Sangeetha Devi Dundoo of The Hindu described Ram Charan's portrayal of Appanna as "Ram Charan's best performance after Rangasthalam." She remarked, "Director Shankar's latest has fun segments featuring Ram Charan and SJ Suryah, but the hasty narrative leaves little room for emotional heft." Avinash Ramachandran of The Indian Express gave 2.5/5 stars and wrote, "Game Changer is essentially a lot of nice segments that are stitched together in the hope that it would make a good film. Now, individually, these segments have a sense of purpose, but together, they sometimes become incoherent due to the lack of focus."

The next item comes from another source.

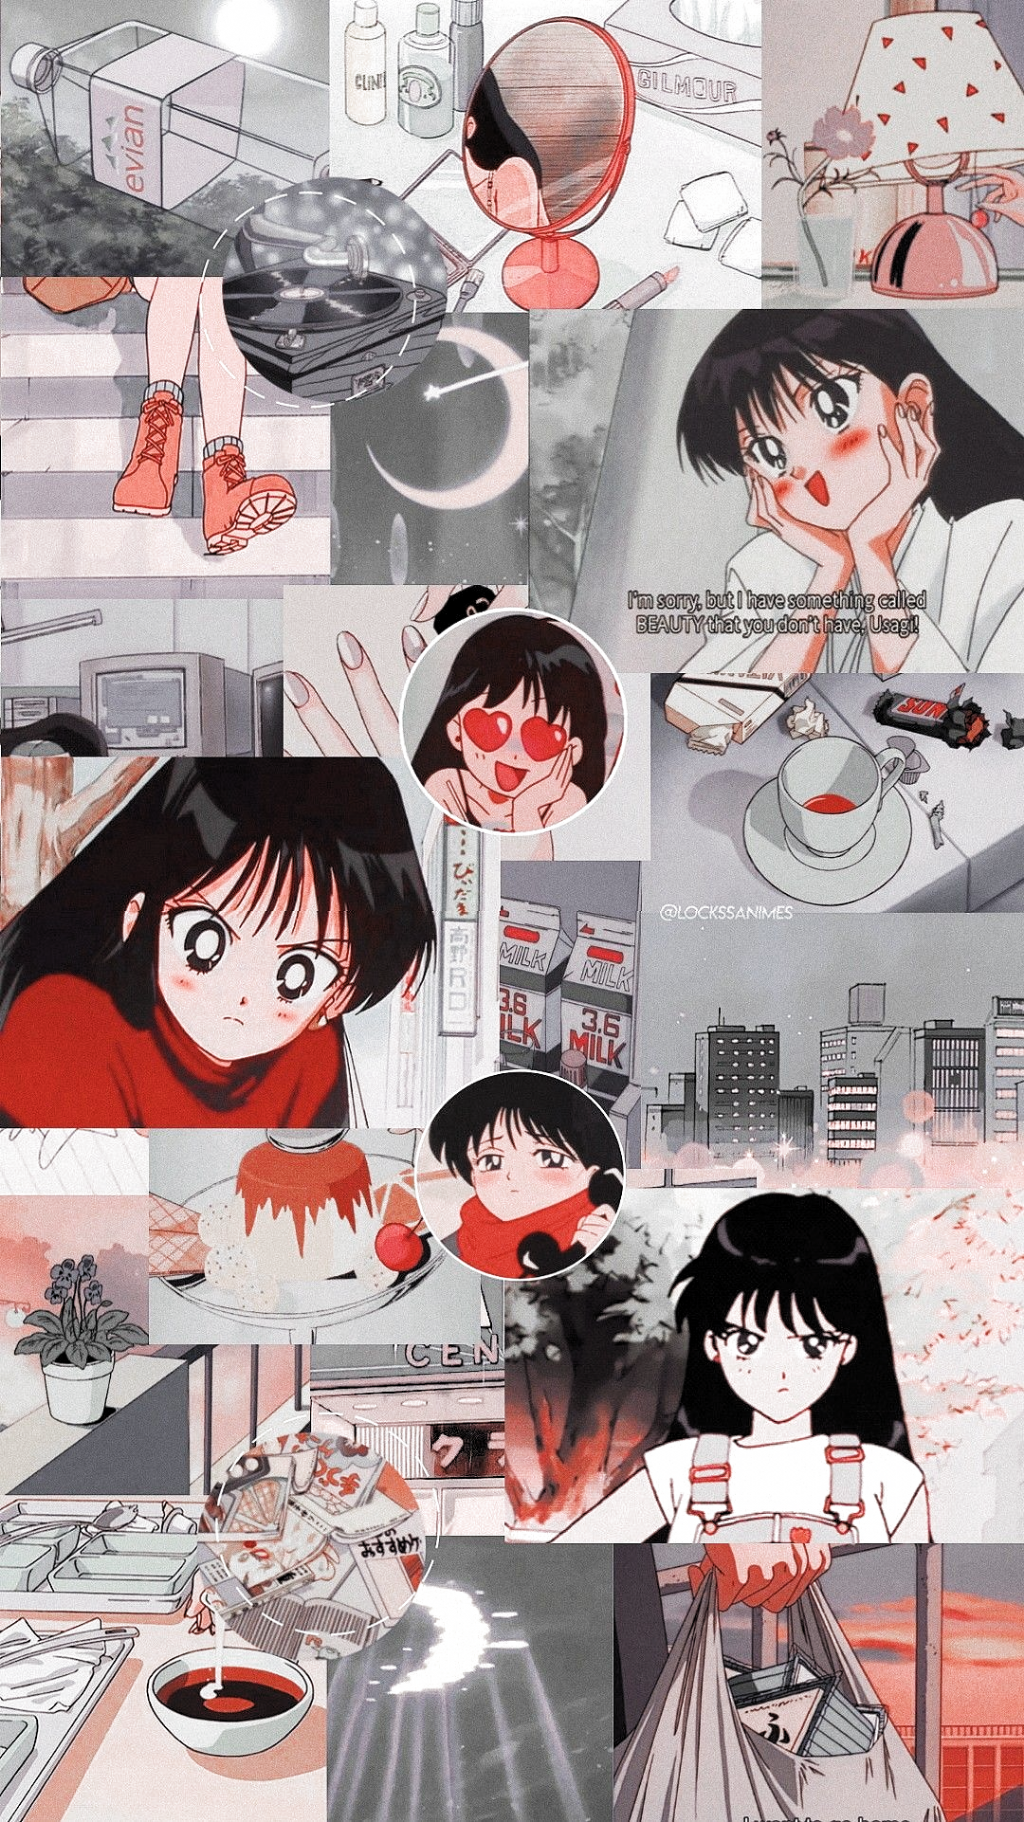 List Of Best Aesthetic Anime Wallpaper Iphone Rei Hino Aestheticanimewallpaperiphone Aesthetic Anime Anime Wallpaper Anime Wallpaper Iphone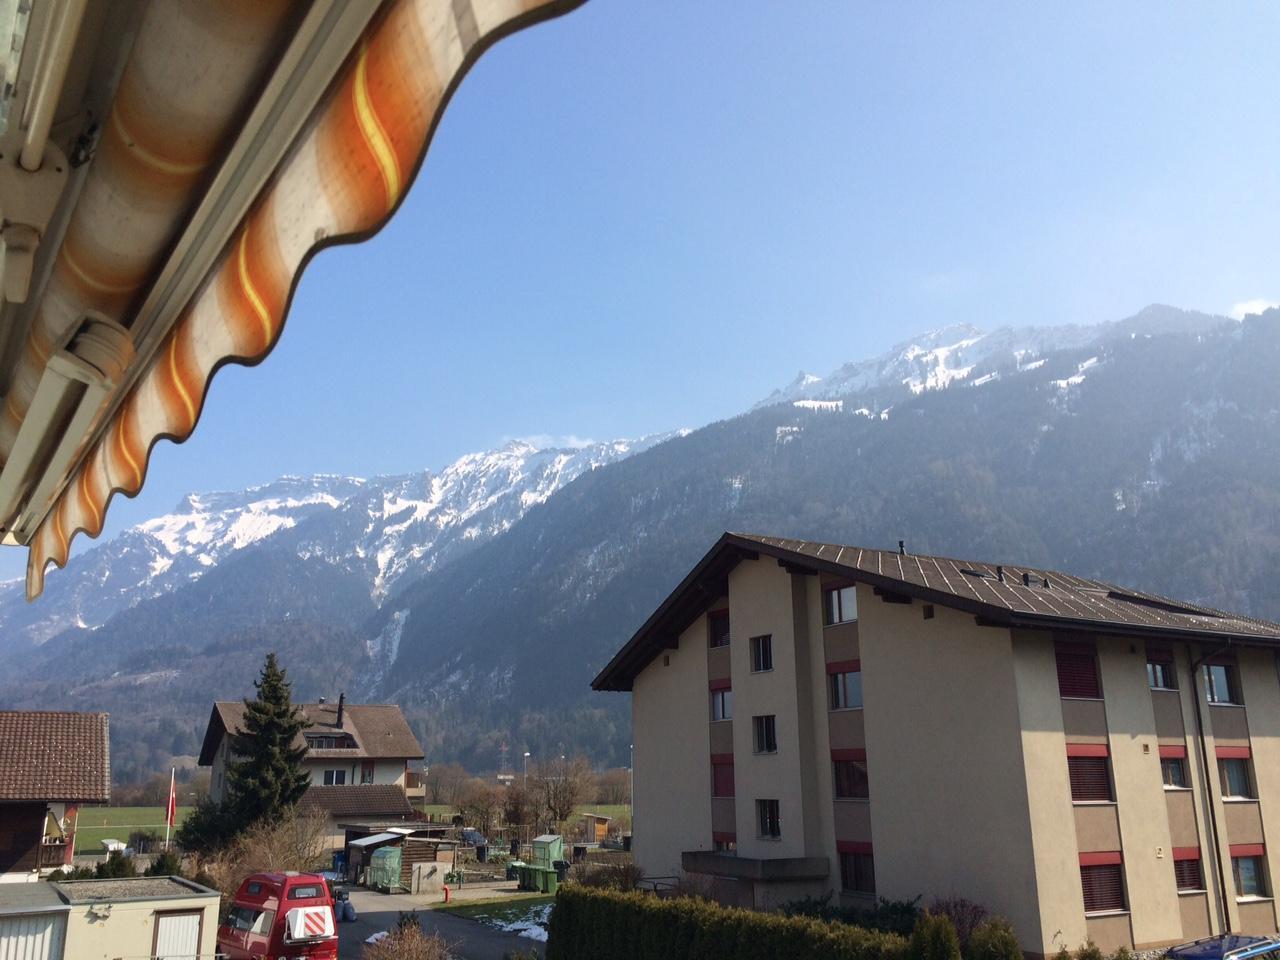 Ferien In Der Jungfrauregion

Janani K of India Today gave 2.5/5 stars and wrote, "It is high time that Shankar rethinks his way to grandeur filmmaking. [...] Game Changer presents potential ideas but falls short in delivering a lasting impact." Sudhir Srinivasan of Cinema Express gave 2.5/5 stars and wrote, "But here's the thing: a three-hour canvas of hero-uses-rules-to-thwart-villains can only stretch so far without fraying, especially when the film itself doesn't treat it too much reverence." Kirubhakar Purushothaman of News18 gave 2.5/5 stars and wrote, "While mainstream Indian cinema has changed significantly in terms of style and content, Shankar's constant bet on his old ideas seems to be surprising. A lot remains the same in this film, which is ironically titled Game Changer."

Saibal Chatterjee of NDTV gave 2/5 stars and wrote, "Game Changer is never found wanting in the matter of giving plausibility a wide berth and finding easy answers to complex conundrums. The film has a second half that is far better than the first, but taken together they do not add up." BVS Prakash of Deccan Chronicle gave 2/5 stars and wrote, "Director Shankar has to give up his old ideas and come back with refreshing story which doesn't have any shade or resemblance to his earlier blockbusters."

Amit Bhatia of ABP Live gave 2/5 stars and wrote, "Game Changer' fails to live up to its grand title. While Ram Charan's performance is a saving grace, the predictable storyline, over-the-top execution, and lack of originality weigh the film down." Vinamra Mathur of Firstpost gave 2/5 stars and wrote, "In Game Changer, filmmaker Karthik Subbaraj gets the credit for the story. Of course, it's not as unwatchable as Satyameva Jayate 2 or Indian 2, but is that genuinely a compliment?" Neeshita Nyayapati of Hindustan Times wrote, "Game Changer is strictly average, even as you're rooting for it to be something more. It succeeds in staying focused on what it sets out to do - call out corruption in Indian politics - but gives you nothing more. And after Shankar's last outing, Indian 2, maybe that's a win."

=== Box office ===
The film had an estimated worldwide gross of ₹195 crore.